Compared to uninfected lung tissue, histopathological analysis of the IAV infected lung revealed that the changes in the lungs consisted of necrosis and ulceration of the bronchial lining epithelium, presence of inflammatory exudate in the bronchial lumen, and post-necrotic regenerated epithelium in the bronchi (Fig. S6). No significant difference in microscopic lesions was observed between the groups treated with CYNK-001 and PBS (Table S1). Nevertheless, immunohistochemical analysis of the lungs confirmed a significant increased infiltration of CD3+/CD8+ T cells co-stained by the two markers in CYNK-001-treated lungs compared to PBS treatment, corroborating with the findings in the BALF, while the amount of CD4+/CD8+ T cells were comparable between both groups (Figure 4a and 4b).
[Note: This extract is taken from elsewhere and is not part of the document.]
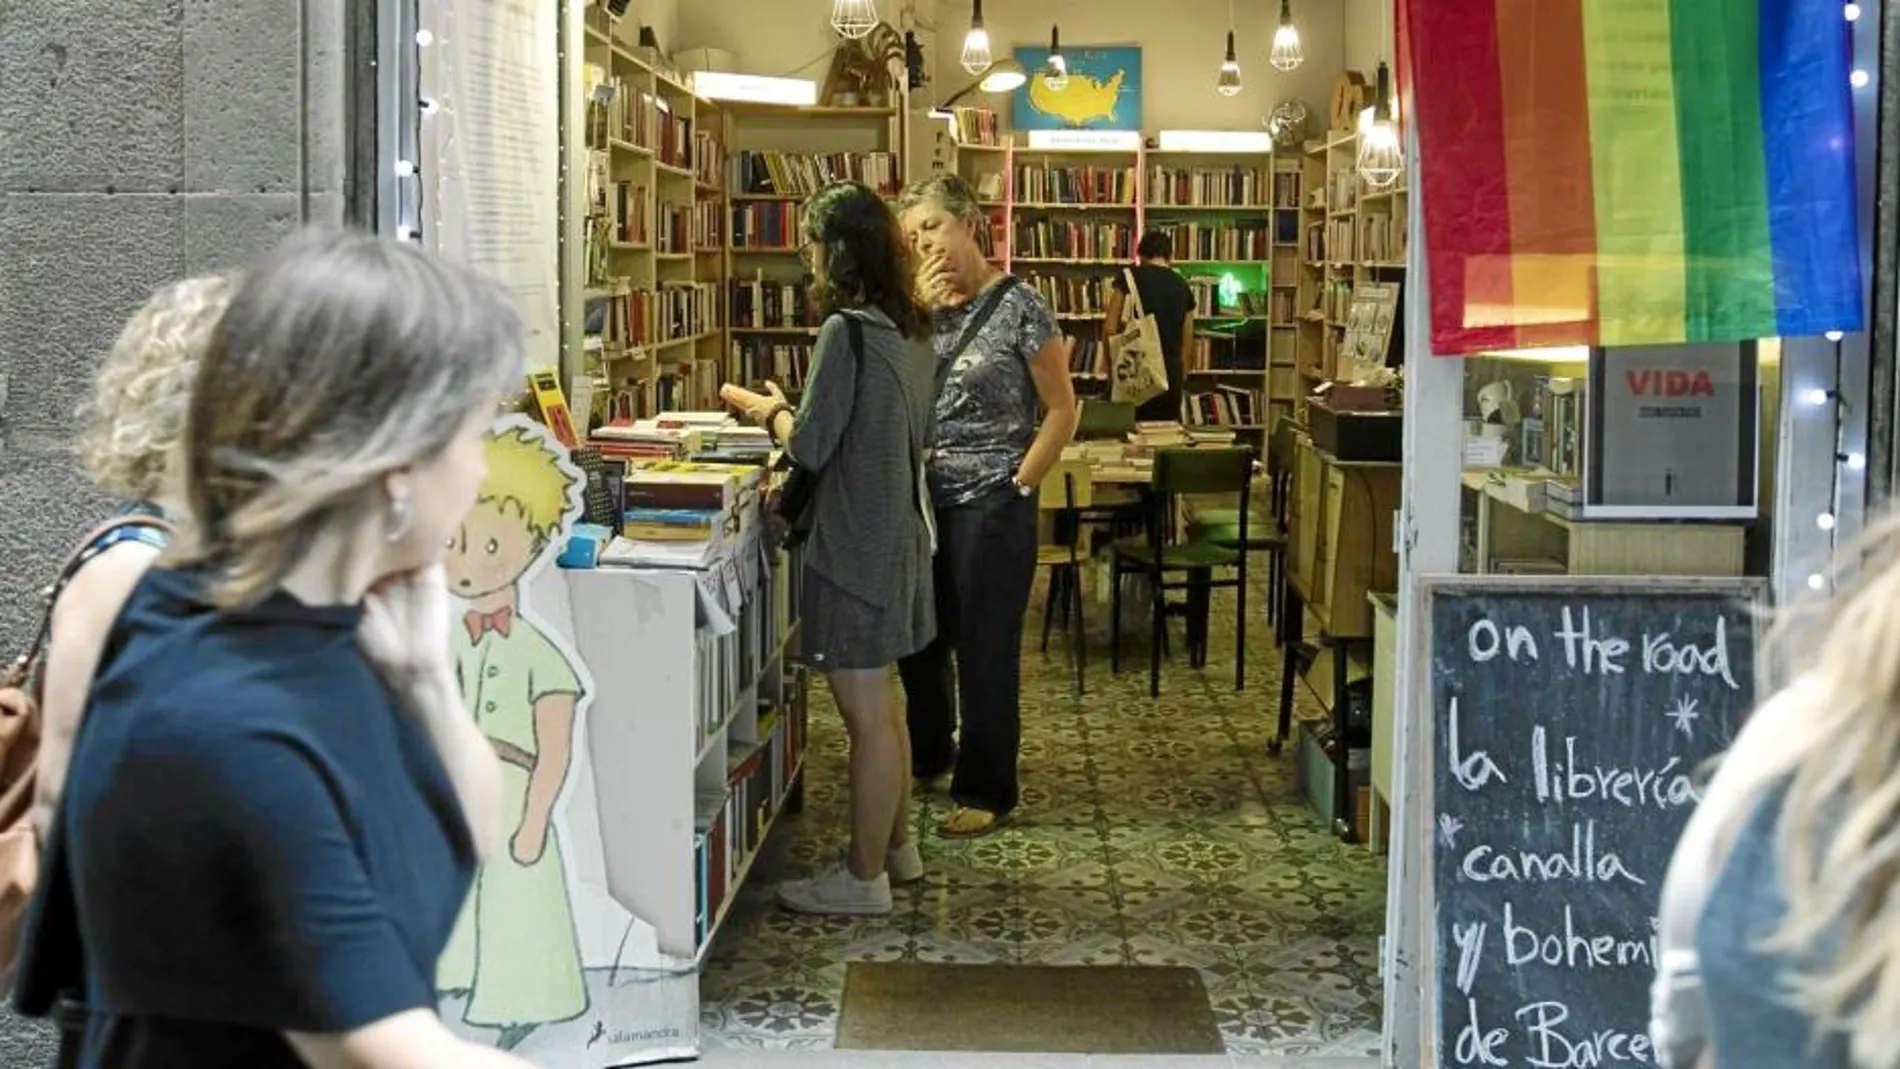 El exterior de la librería invita a entrar con un público que se centra en el amante de los libros local. Foto: Miquel González/Shooting

Interestingly, murine CD68+ lung macrophages were also significantly increased upon CYNK-001 infusion. These observations suggest the alteration of murine immune cell profiles in lung tissue due to CYNK-001 treatment may contribute to its anti-inflammatory effects post IAV infection.
Figure 4.

CYNK-001 alters immune cell profiling in lung post IAV-infection.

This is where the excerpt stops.